2024-12-26 10:37:32 source:lotradecoin low trading fees advantage Category:My

Late last week, the Centers for Disease Control and Prevention signaled it expects to have the updated COVID vaccine available by mid-September, along with a likely recommendation that everyone should get the latest booster shot, according to U.S. health officials.

The announcement comes as COVID hospitalizations increased for the sixth consecutive week, according to CDC data released Monday. For the week ending Aug. 19, hospitalizations rose by 18.8% to 15,067 – similar to levels seen in April. Still, COVID metrics remain at historic lows, public experts have said.

But at least one expert is urging the country to take COVID more seriously – Dr. Deborah Birx, who served as the White House Coronavirus Response Coordinator under former President Donald Trump.

Birx spoke to ABC News’ podcast “START HERE” about why she says the government is living in “a bit of a fantasy world" when it comes to the COVID-19 response. Birx also explains why she believes that the next month's vaccine booster is coming weeks too late and is arguing that seasonal booster shots should be made available more quickly. She also addressed criticism she didn’t combat misinformation from Trump during her time in the White House.

BRAD MIELKE: Dr.

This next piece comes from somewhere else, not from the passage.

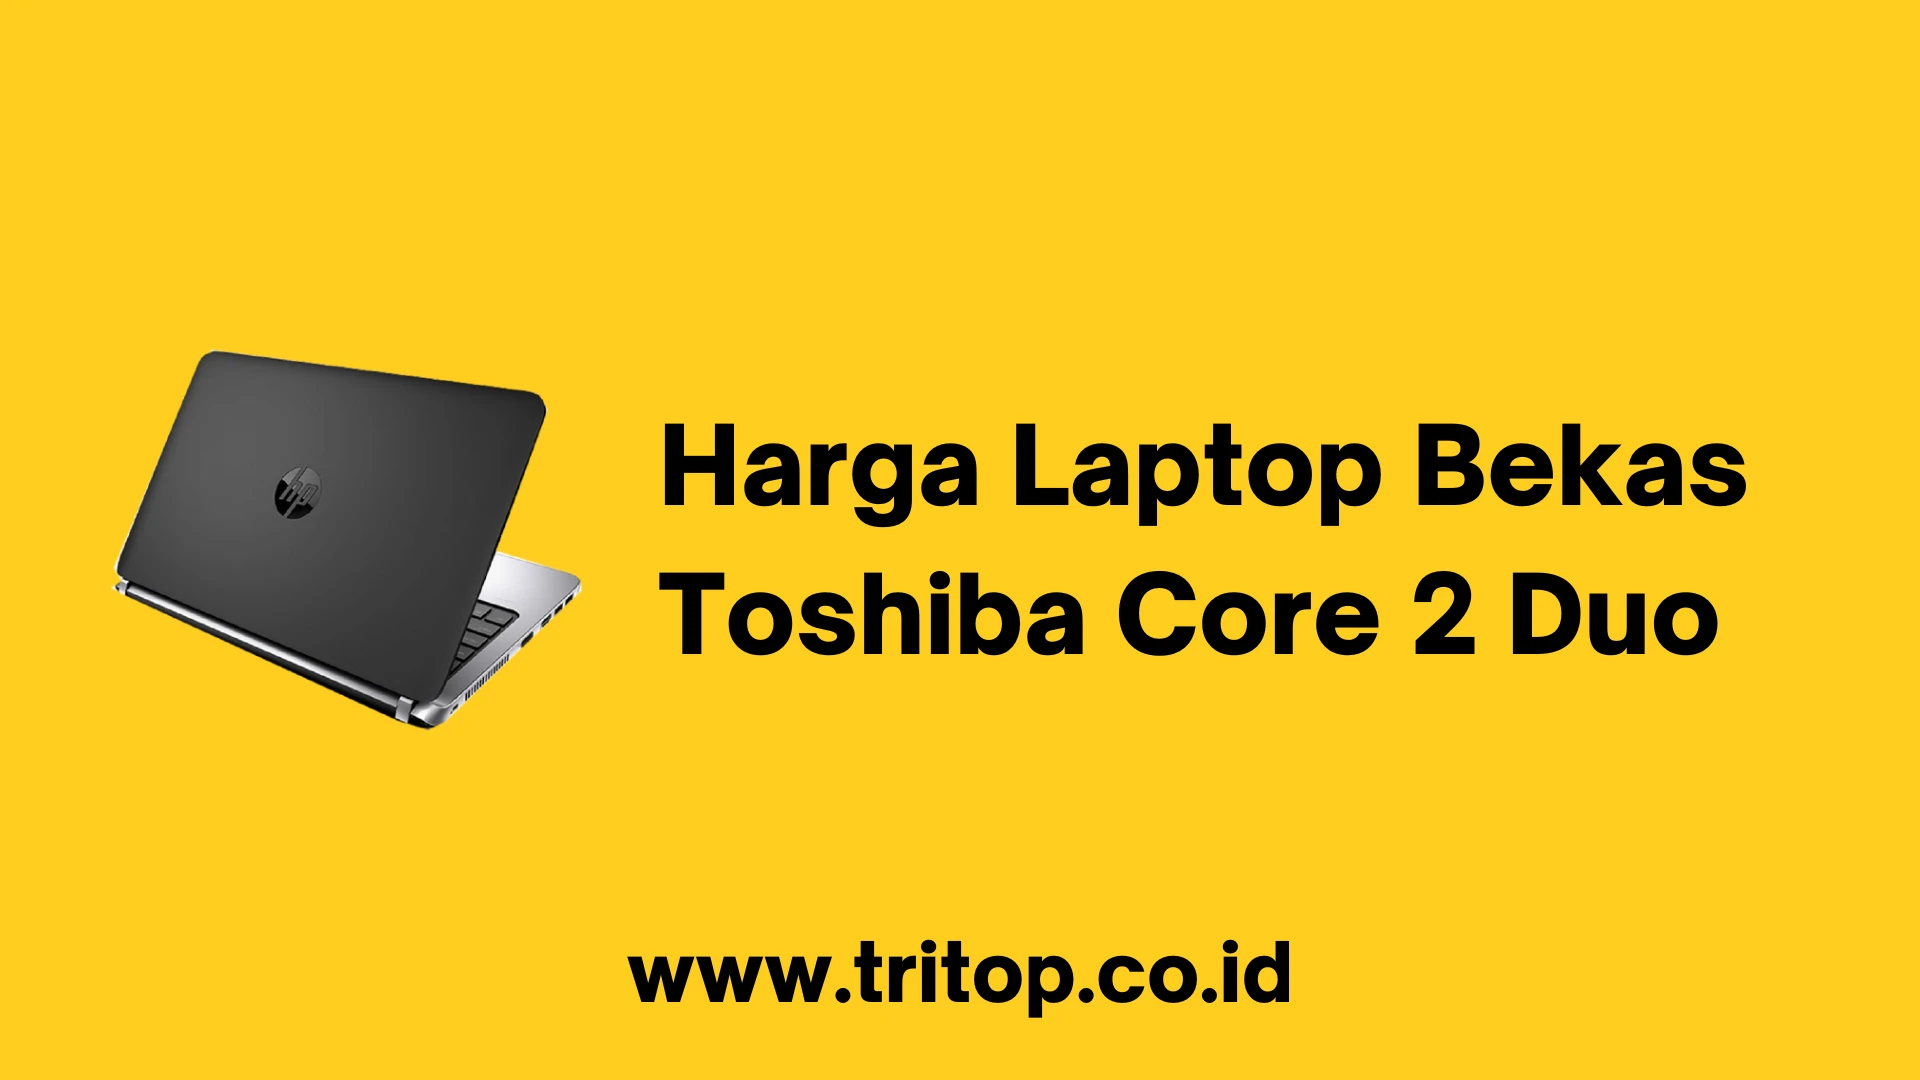 Harga Laptop Bekas Toshiba Core 2 Duo

Deborah Birx is here, you remember that she served under President Trump as the White House Coronavirus Response Coordination Director in 2020. You probably remember her standing alongside Dr. Anthony Fauci, explaining what Americans should and shouldn’t be doing when we were all so confused.

Dr. Birx, thank you so much for being with us.

DEBORAH BIRX: Happy to be with you.

MIELKE: Hey so, let's get right into it. How serious is this COVID surge that we're seeing right now, in your eyes?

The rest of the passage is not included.